__Dataset__:

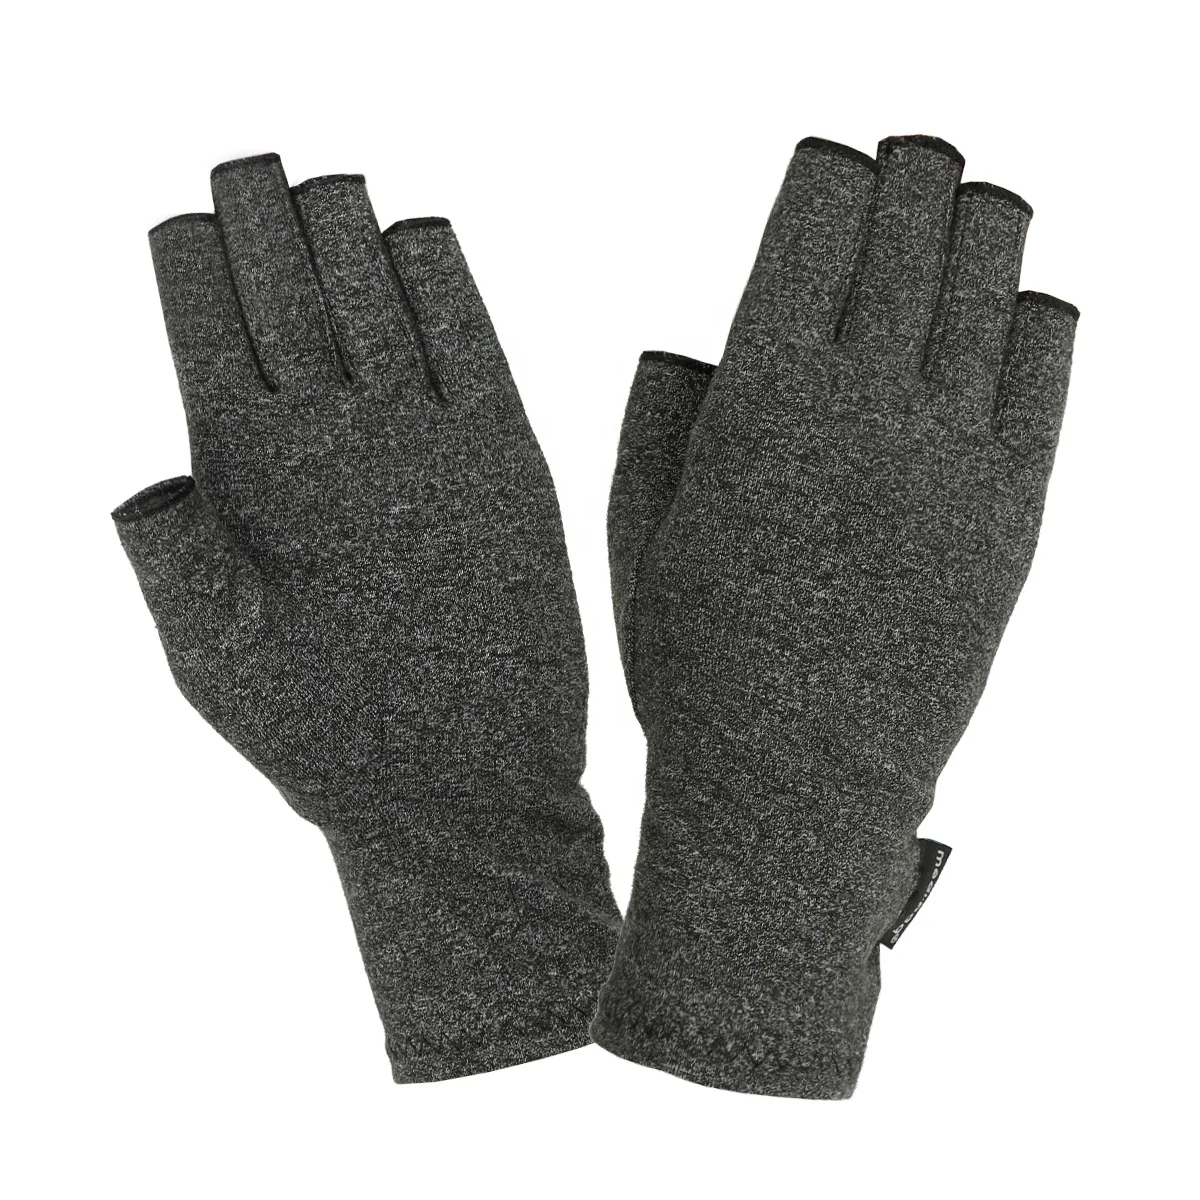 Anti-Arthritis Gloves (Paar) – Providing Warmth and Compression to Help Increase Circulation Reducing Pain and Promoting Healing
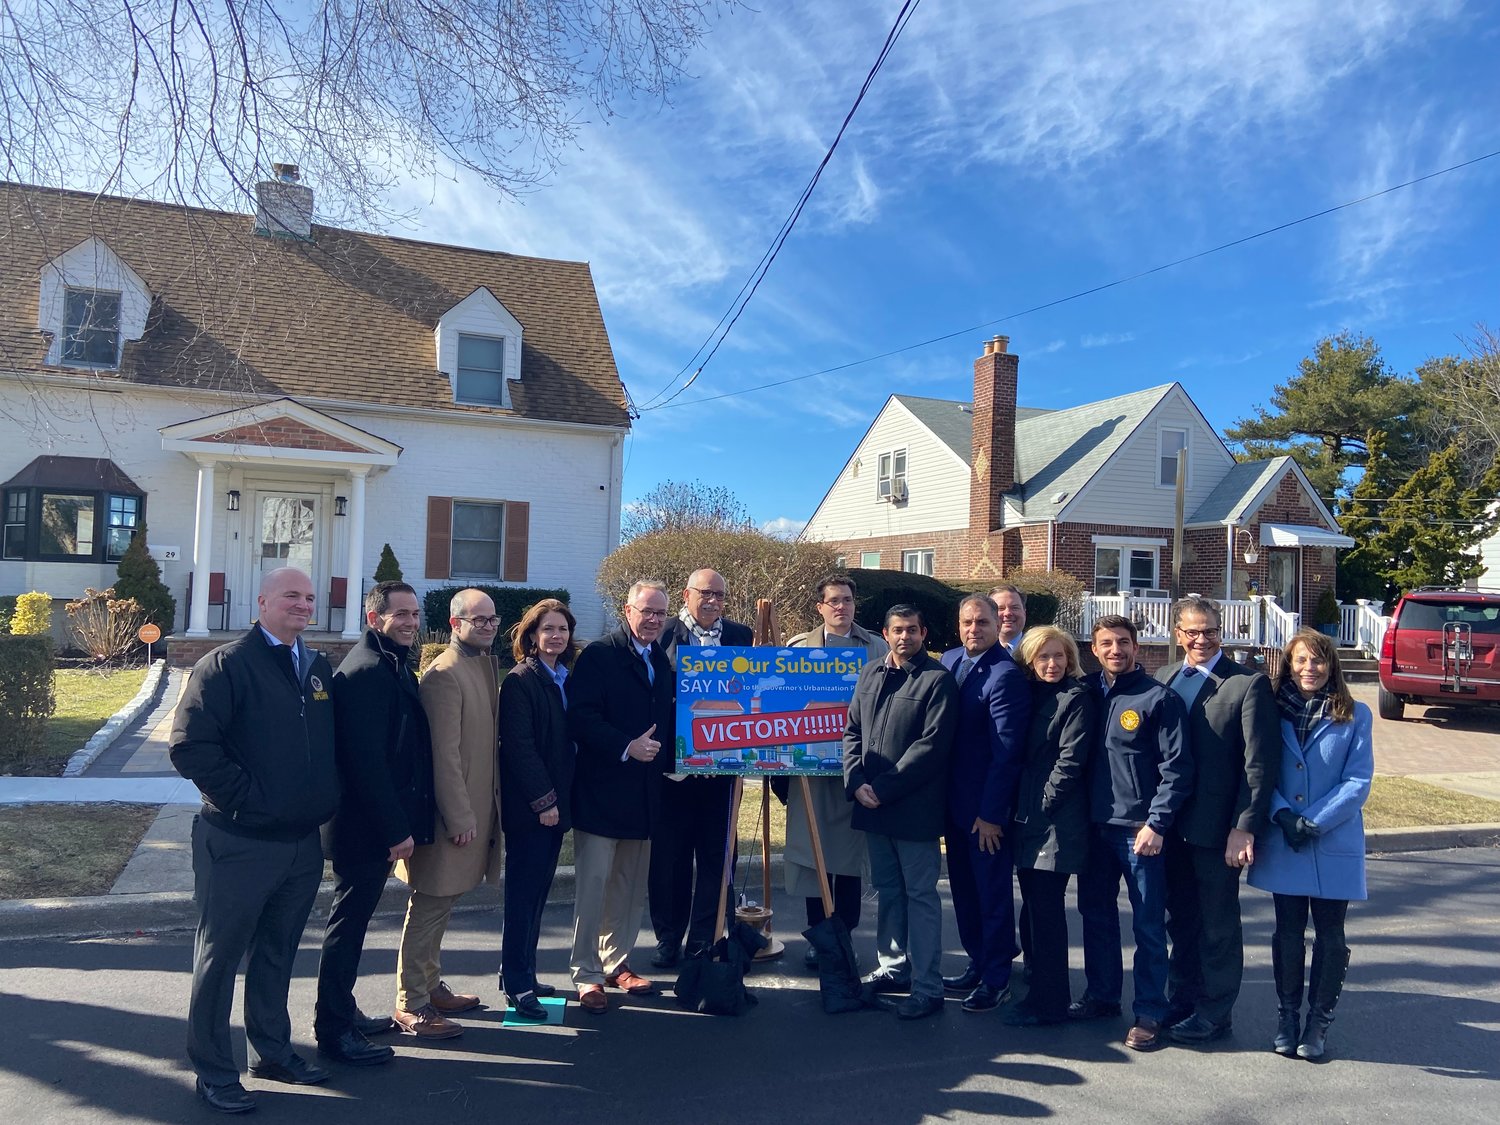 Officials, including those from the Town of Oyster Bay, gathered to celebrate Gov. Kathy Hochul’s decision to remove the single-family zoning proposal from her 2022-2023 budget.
* * *
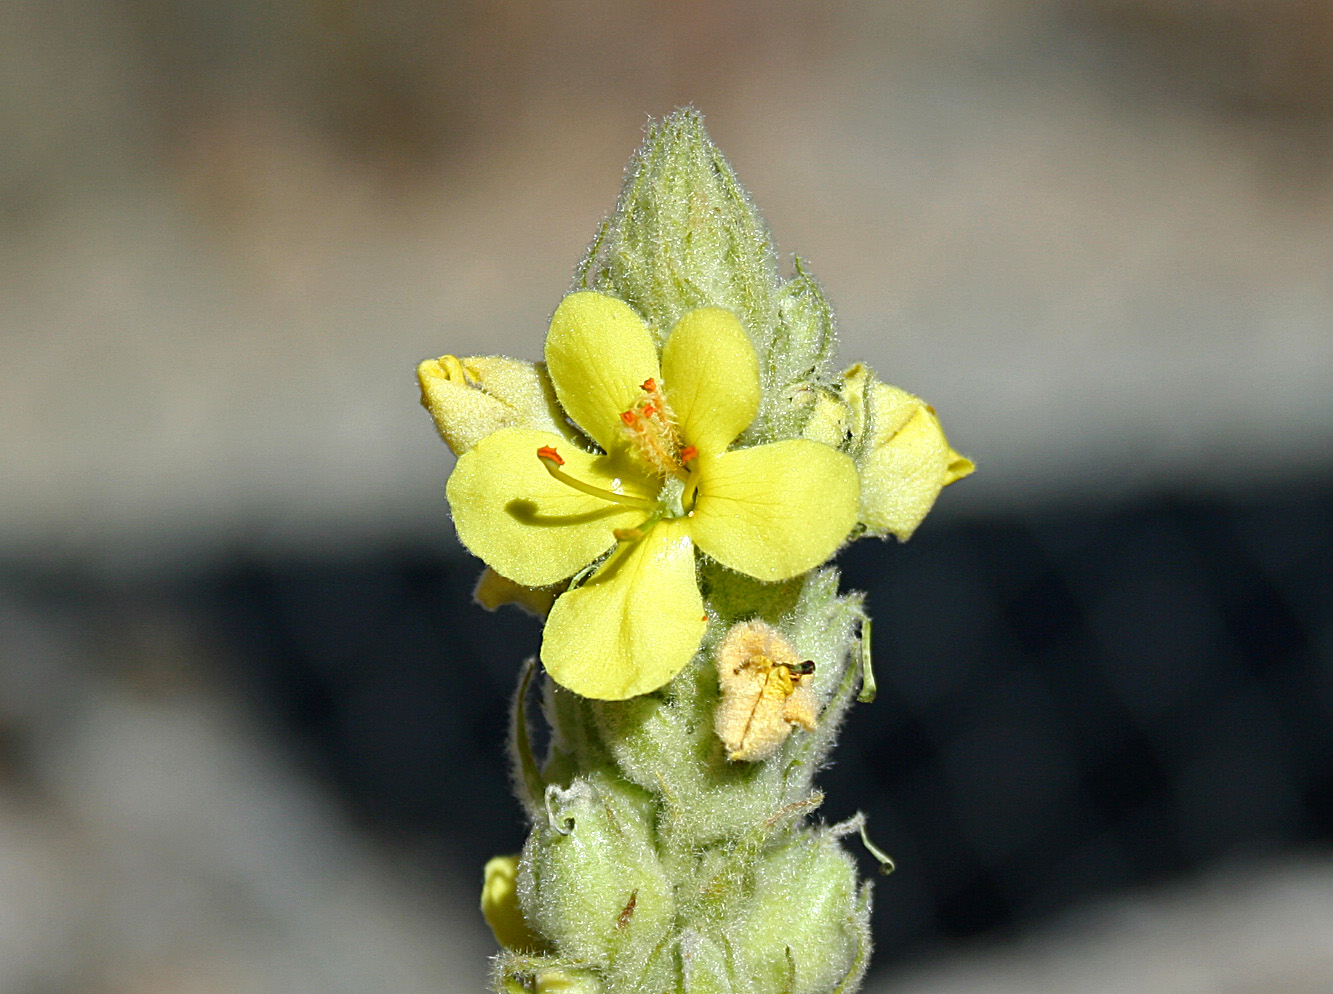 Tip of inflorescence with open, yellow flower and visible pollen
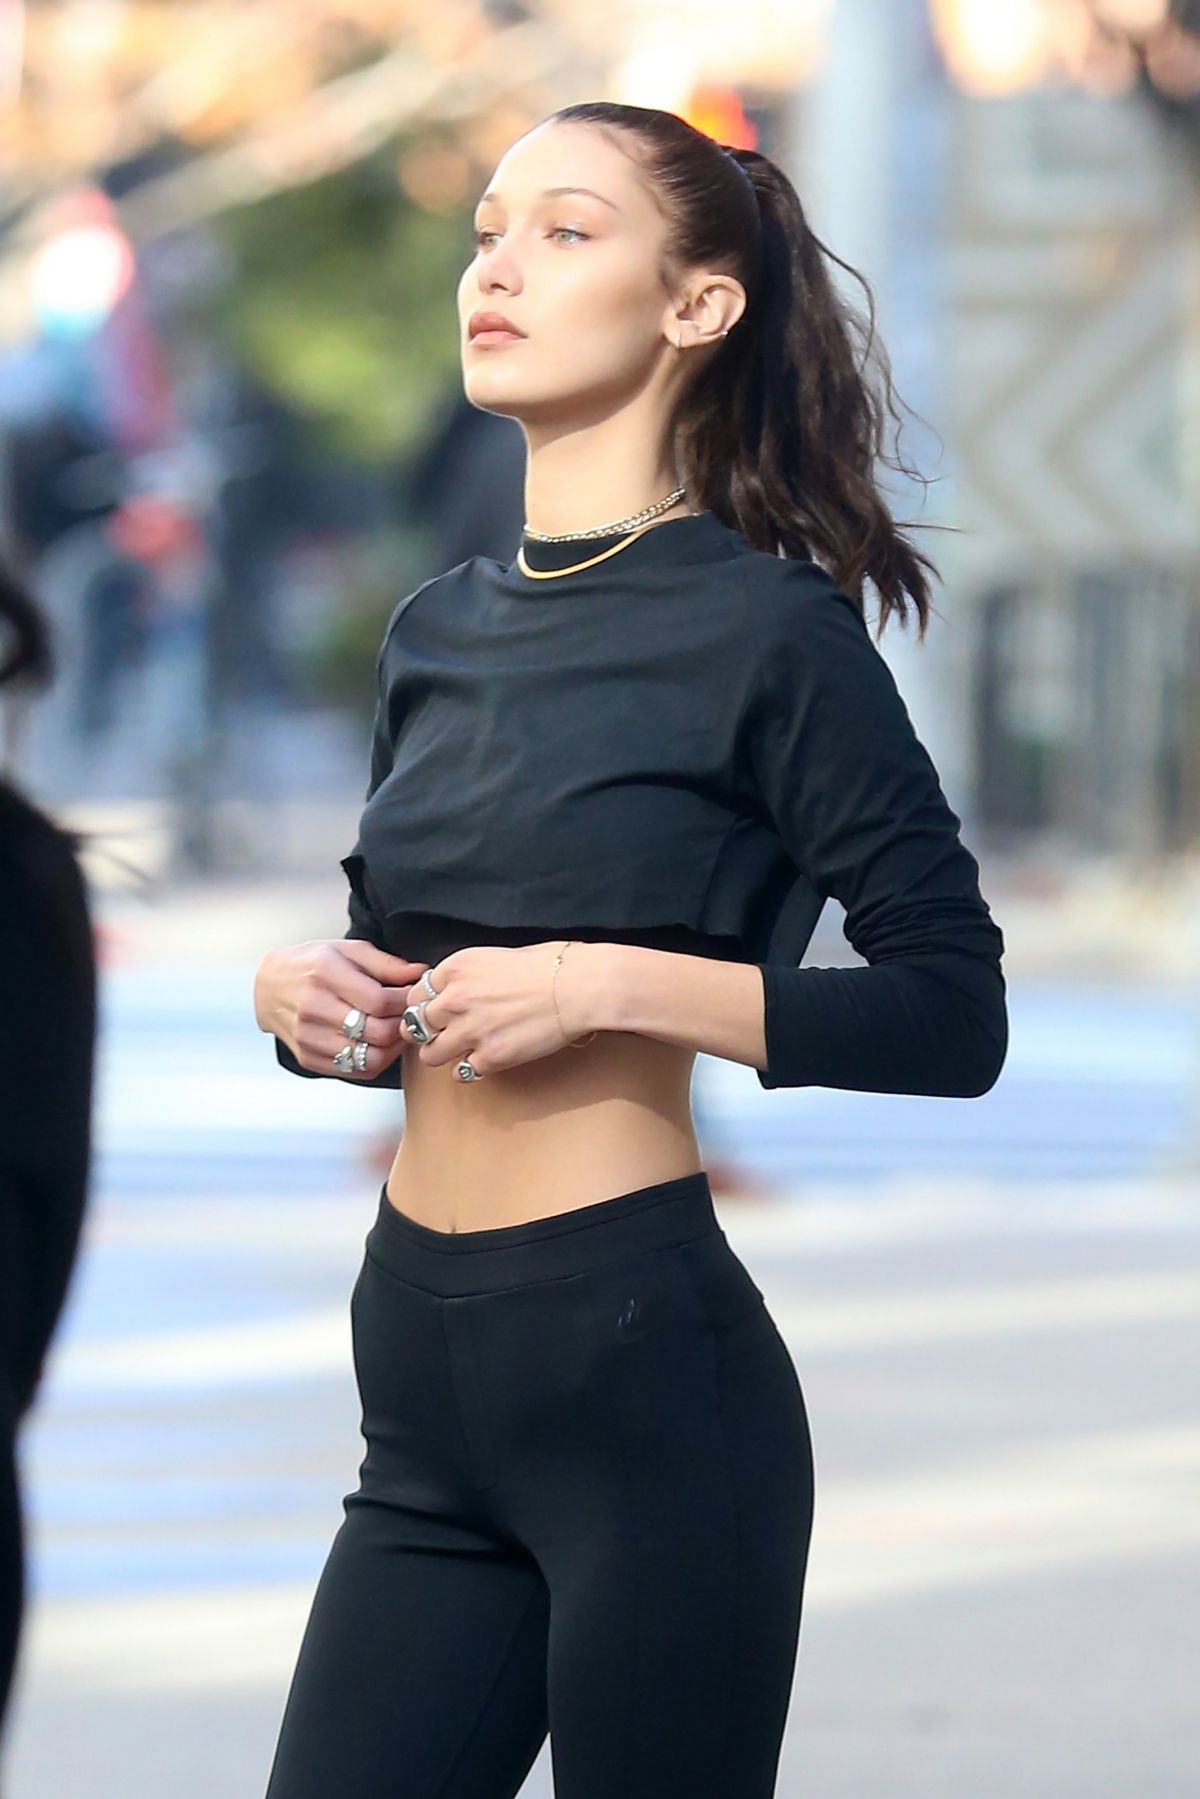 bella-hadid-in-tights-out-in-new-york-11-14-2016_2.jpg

__Required work__: Look through the listing above for the line with "Anti-Arthritis Gloves (Paar)" and the line with "Officials, including those". Write out exactly those lines and everything between, leaving out pictures.

__Exercise response__:
 Anti-Arthritis Gloves (Paar) – Providing Warmth and Compression to Help Increase Circulation Reducing Pain and Promoting Healing
 Officials, including those from the Town of Oyster Bay, gathered to celebrate Gov. Kathy Hochul’s decision to remove the single-family zoning proposal from her 2022-2023 budget.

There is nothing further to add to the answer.